Exercise requirements —
Where the line holding "#Medical Supplies" appears, start copying, and continue exactly through the last line of the listing, skipping pictures.

Supplied material —
------------------------------------------------

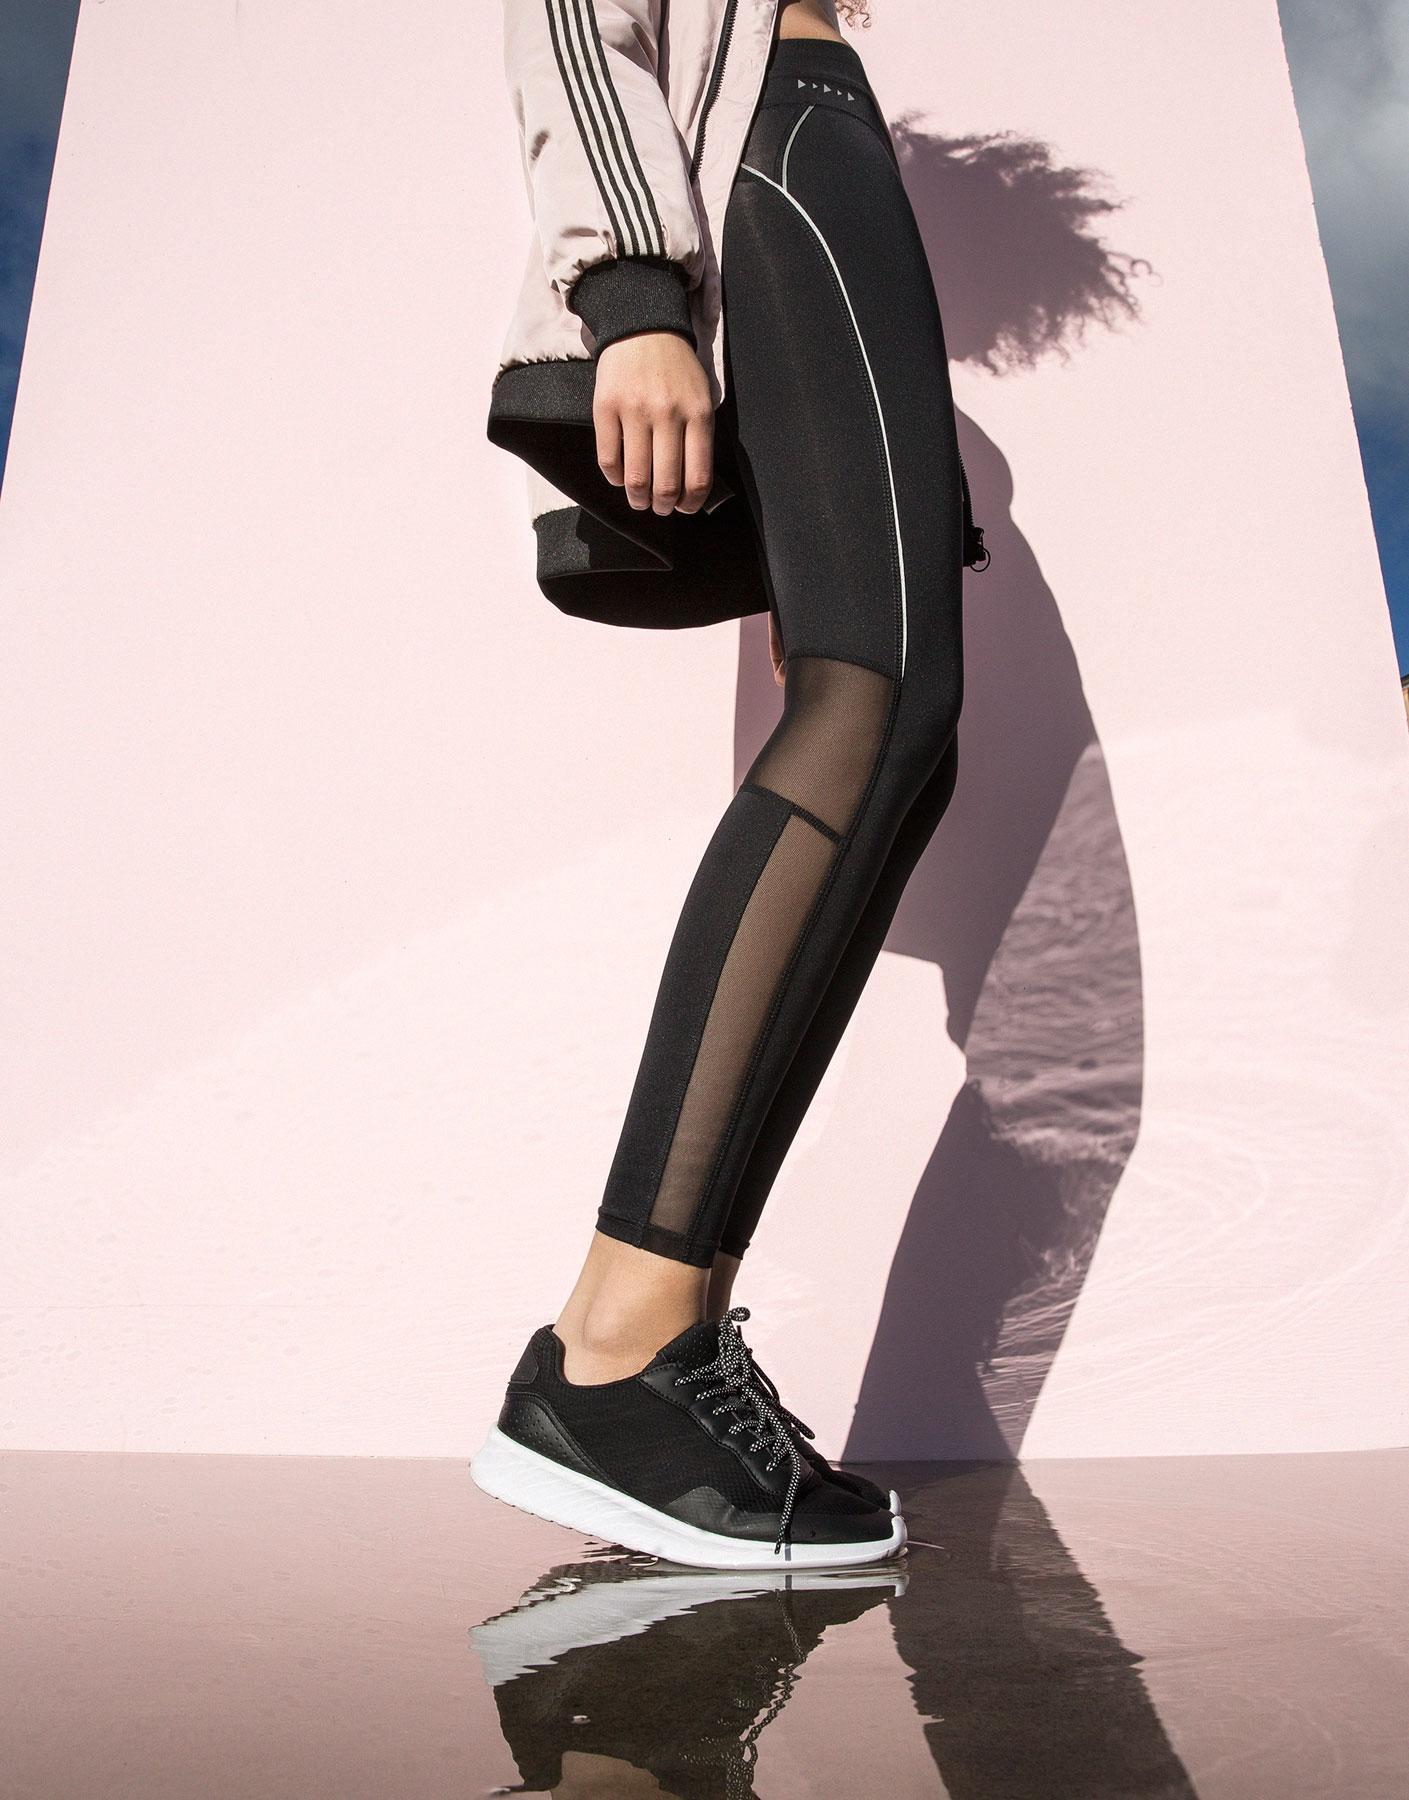 Long leggings for jogging
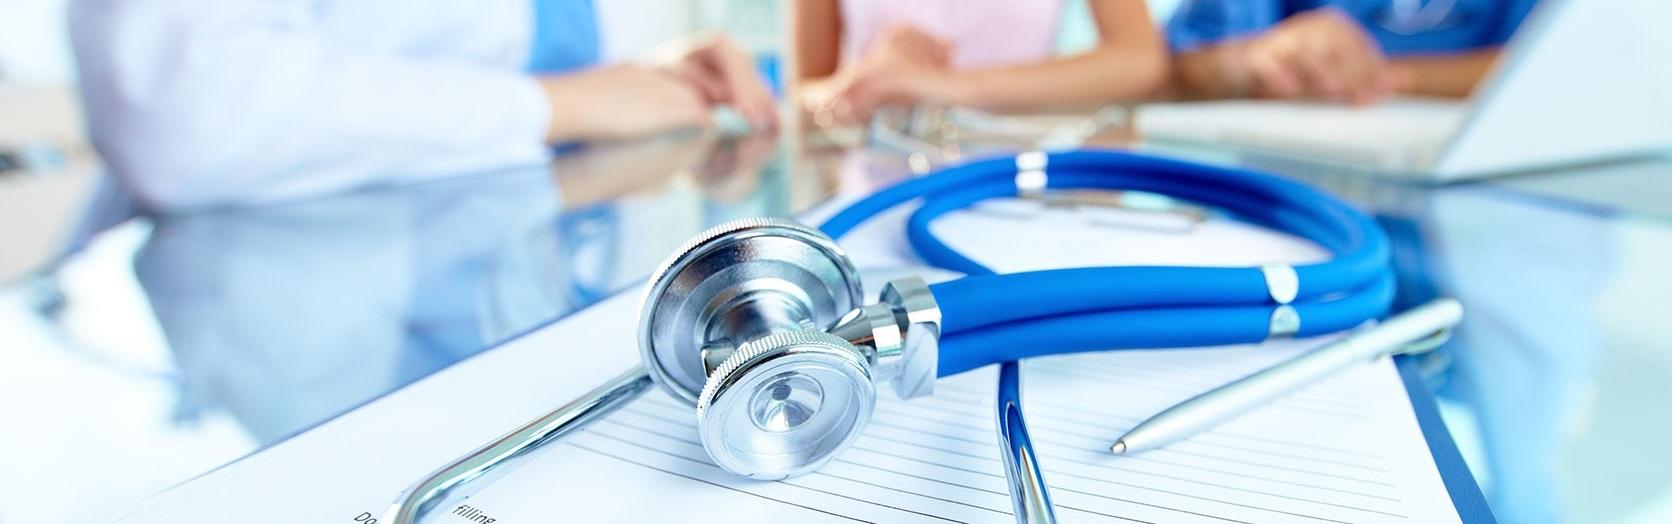 #Medical Supplies
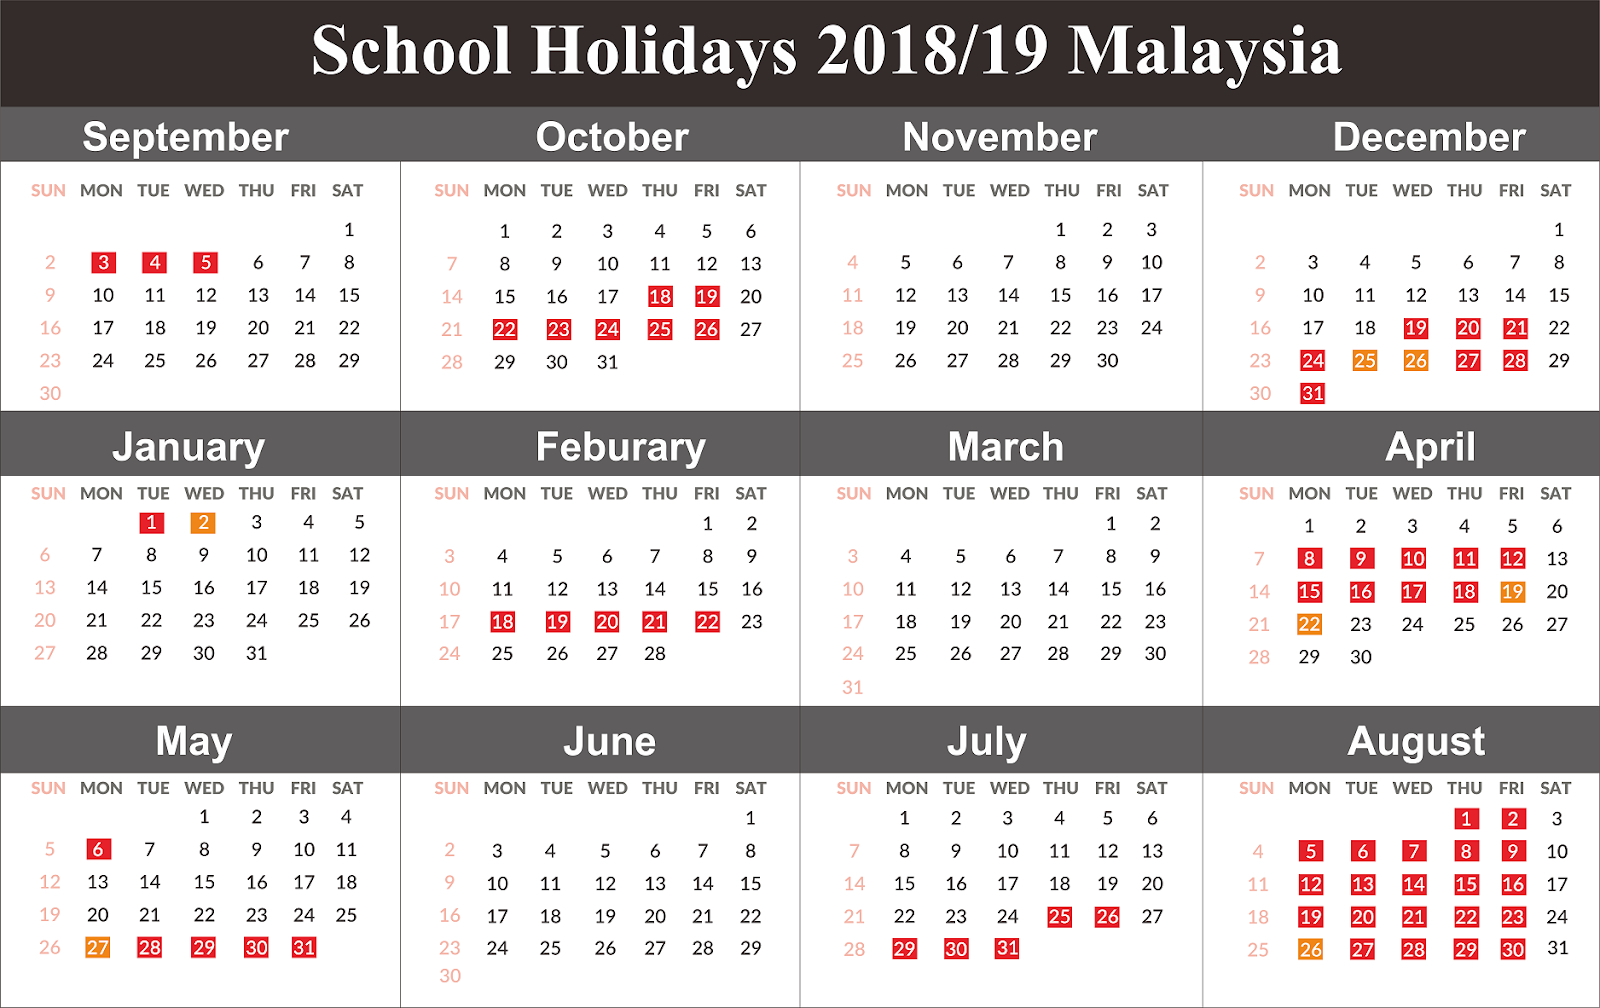 Free Download School Holiday 2019 Malaysia {Template} Calendar 2019 Malaysia

------------------------------------------------

Task solution —
 #Medical Supplies
 Free Download School Holiday 2019 Malaysia {Template} Calendar 2019 Malaysia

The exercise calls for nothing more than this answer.